The Tube of Doom

Airborne. Most of us know it. Some of us question whether it works. Others swear by it. I’m not sure which camp I fall in to, but the company that makes it does a really good job preying on those of us who believe that spending $6 or so for a package of it will allow you to avoid illness. Same thing goes for Purell which ironically I’m not a big believer in.
The strange thing with these products is that you don’t see people on relief missions in post-conflict areas using them religiously (I assume they use things that actually work); you see people in offices using them. It all relays the fact that people in offices are terrified of getting sick and not being able to work, when in reality, if they really wanted to avoid illness, then they should avoid the stress of being in the office 12 hours a day.
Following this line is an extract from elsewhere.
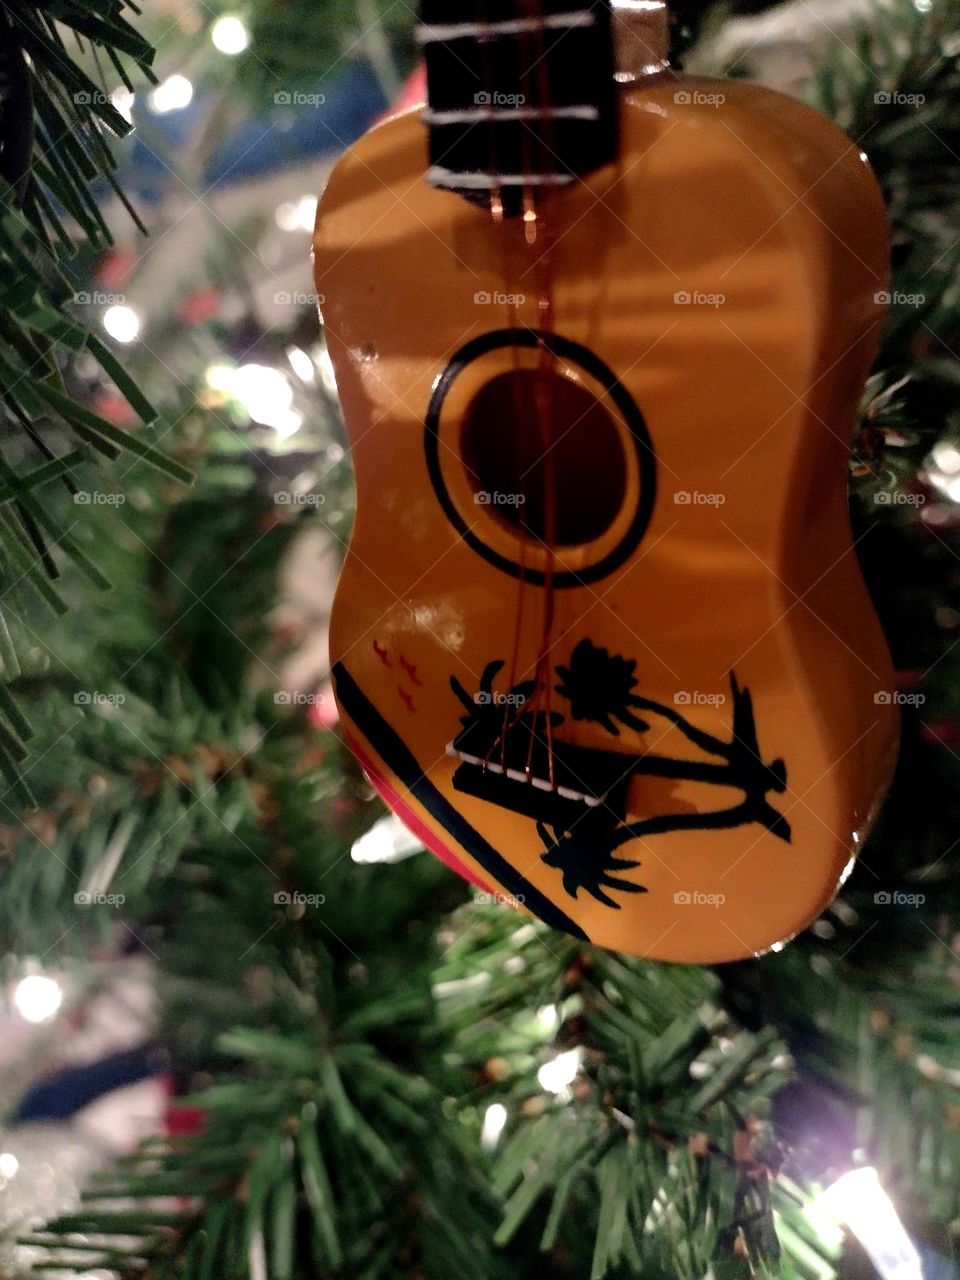 Unfiltered, beautiful, lovely close-up of a Christmas guitar ornament for the Holidays
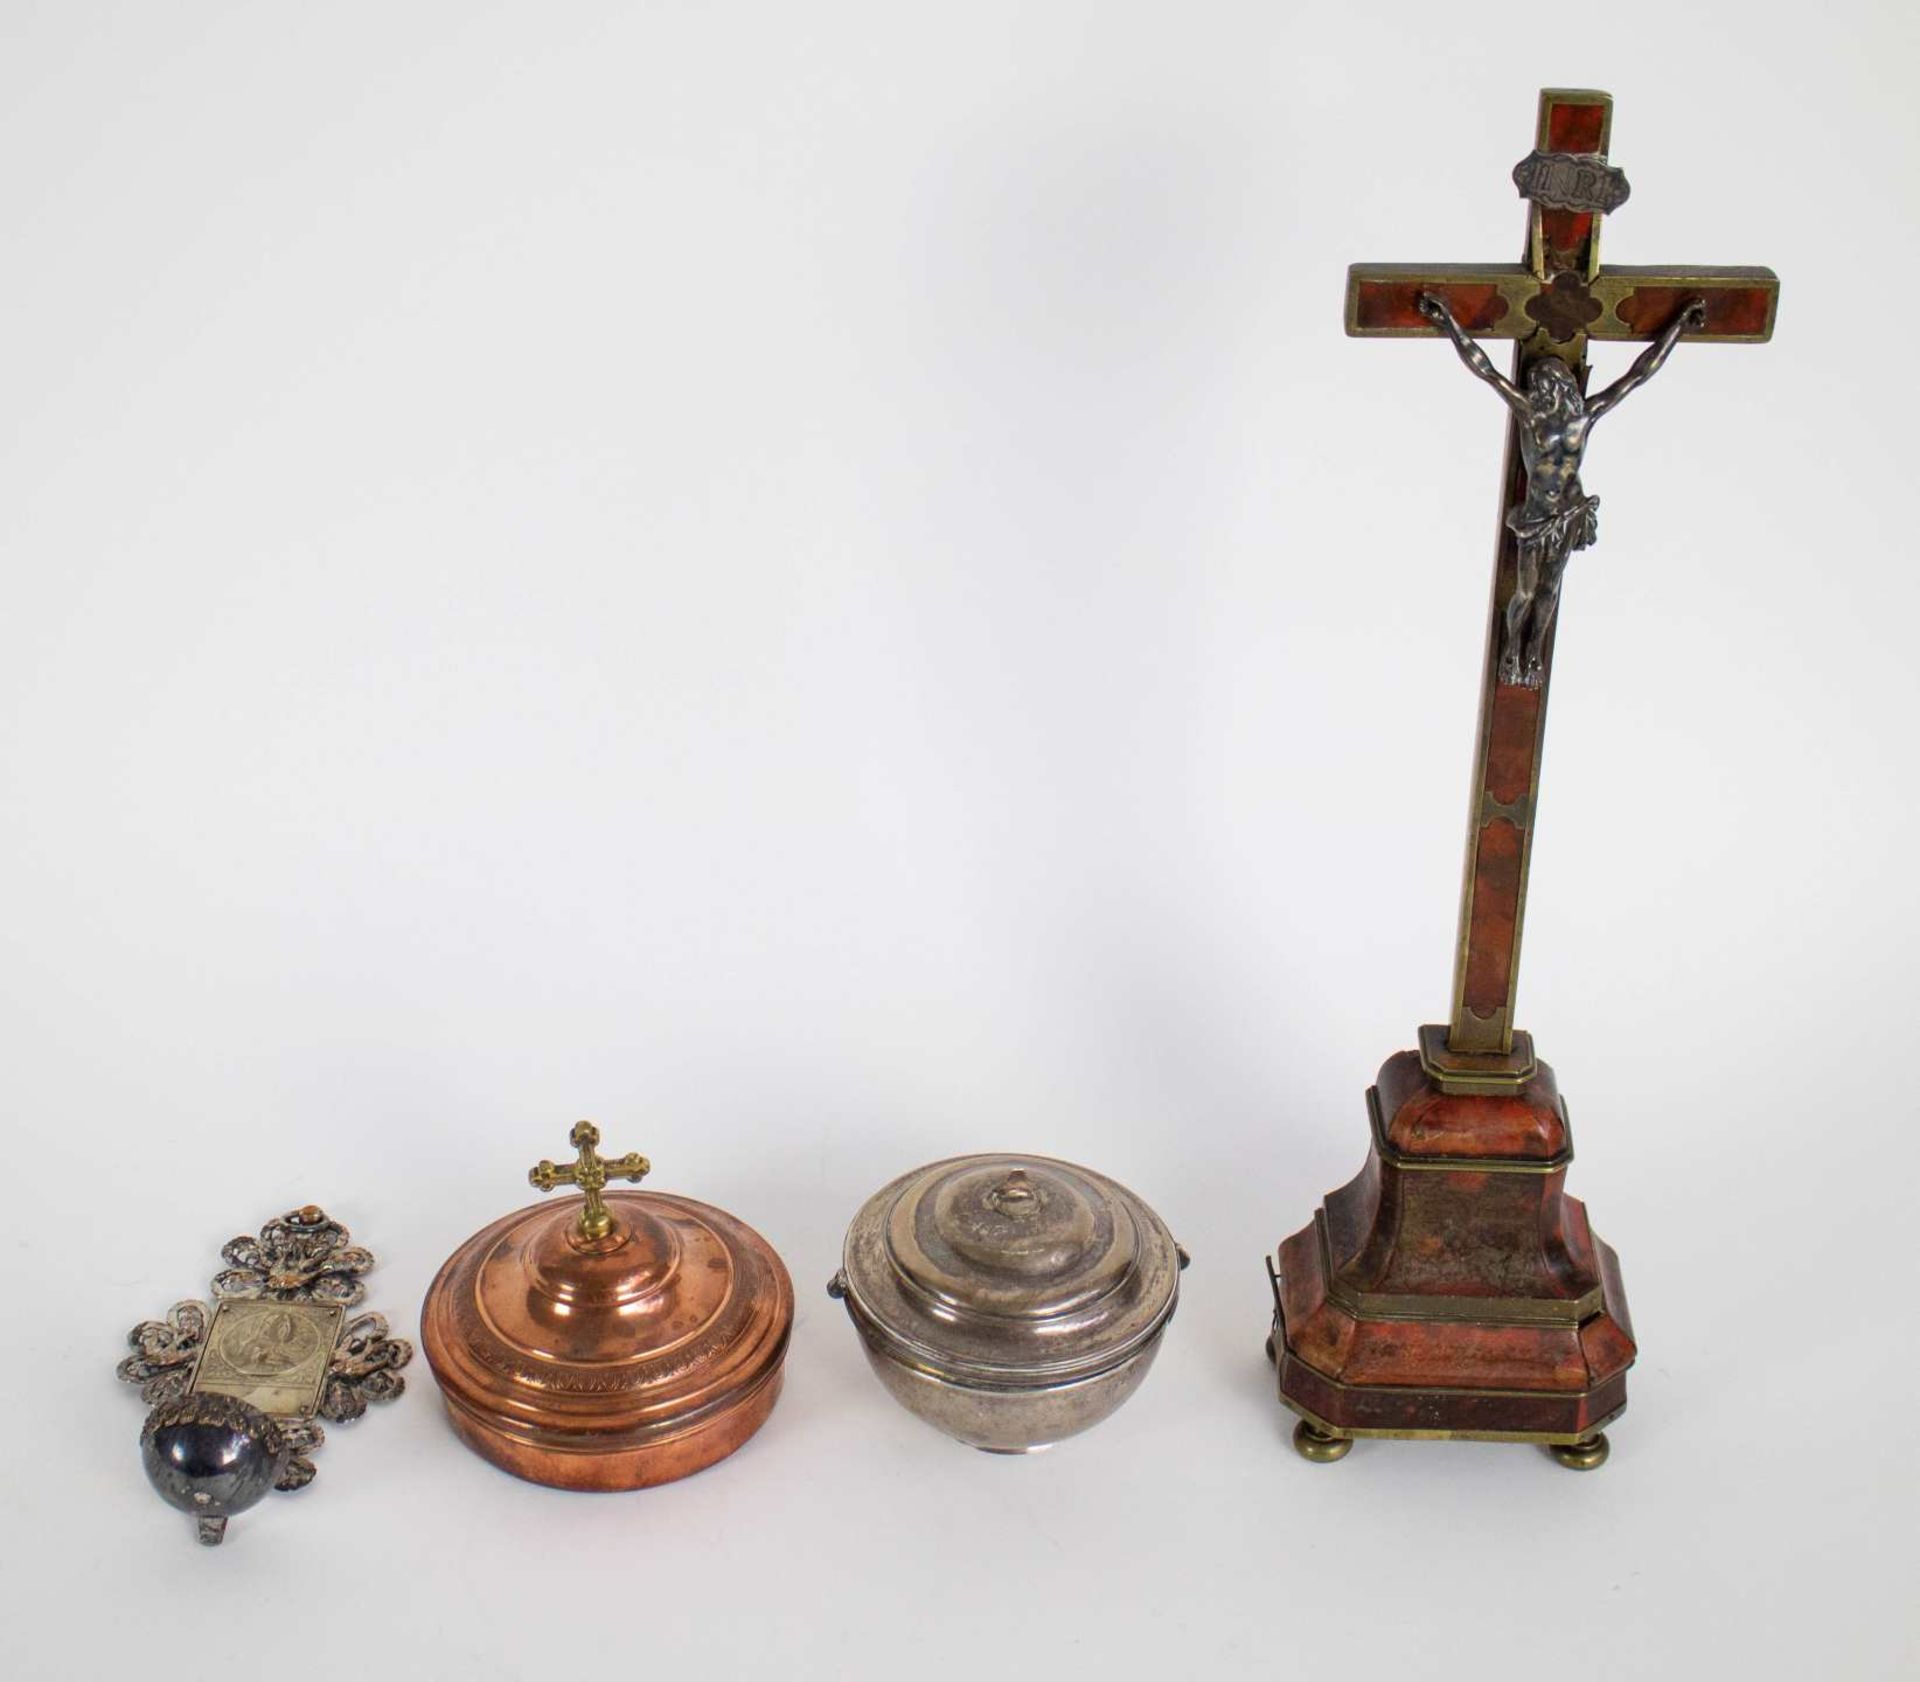 Lot with various religious items

Anyways, this is just an American attitude towards work and social interaction to which I am digressing.
The reason I bring all of this up is because at The Sometimes Office, I wasn’t feeling so well one day, so I popped an Airborne, leaving the tube of the pills on my desk when I was done. The reaction from those who came up to me was unanimous. They started talking, glanced down, and then jumped back once they saw the Airborne Tube (or Tube of Doom as I call it.) “Oh, um… are you sick?” “Maybe.” “Okay, I’ll stay back.” This is a pretty funny thing to say since A) Most cold germs aren’t spread through the air (making the name ‘airborne’ even funnier) and B) If they were spread through the air, then the closed ventilation system has got you hosed.
Working in computers and office environments, I’ve found that it is true you catch colds and flus through contact, specifically computer keyboards and mice. Those things are crawling with germs in their plastic depths. Having one or two stints in Information Technology, I realized that I caught everything that anyone had in the office because I would have to get on their keyboards. The only upside was that because I couldn’t ever call in sick (not enough staff to do that), I would come in and spread viruses from one computer to another. Calling me Patient Zero or The Carrier would be a bit of an understatement. Did I try Purell? Yup, as well as sanitizing baby wipes. Didn’t matter. Those little germs are quite resilient buggers and are built to spread.
Now that I’ve refocused on web development again for the last couple of years, I get sick a lot less because I’m on one machine. There are lessons to be learned in this:
– don’t do IT
– do web work
– Airborne probably doesn’t work
– A Tube of Doom on your desk is more effective that the “George Frown”
– Purell really doesn’t work
– Go to Mediterranean often

2 Replies to “The Tube of Doom”

  1. Massive doses of vitamin C, endless cups of green tea, and a smidgin of zinc has pulled me through a couple catastrophically timed “would-be colds” this year. Oh yes, don’t expect to go on five hours of sleep everyday and not catch a cold. There are much better tasting things than Airborne, but the problem is that they are all in separate bottles and tubes…what is this health forum on craigslist???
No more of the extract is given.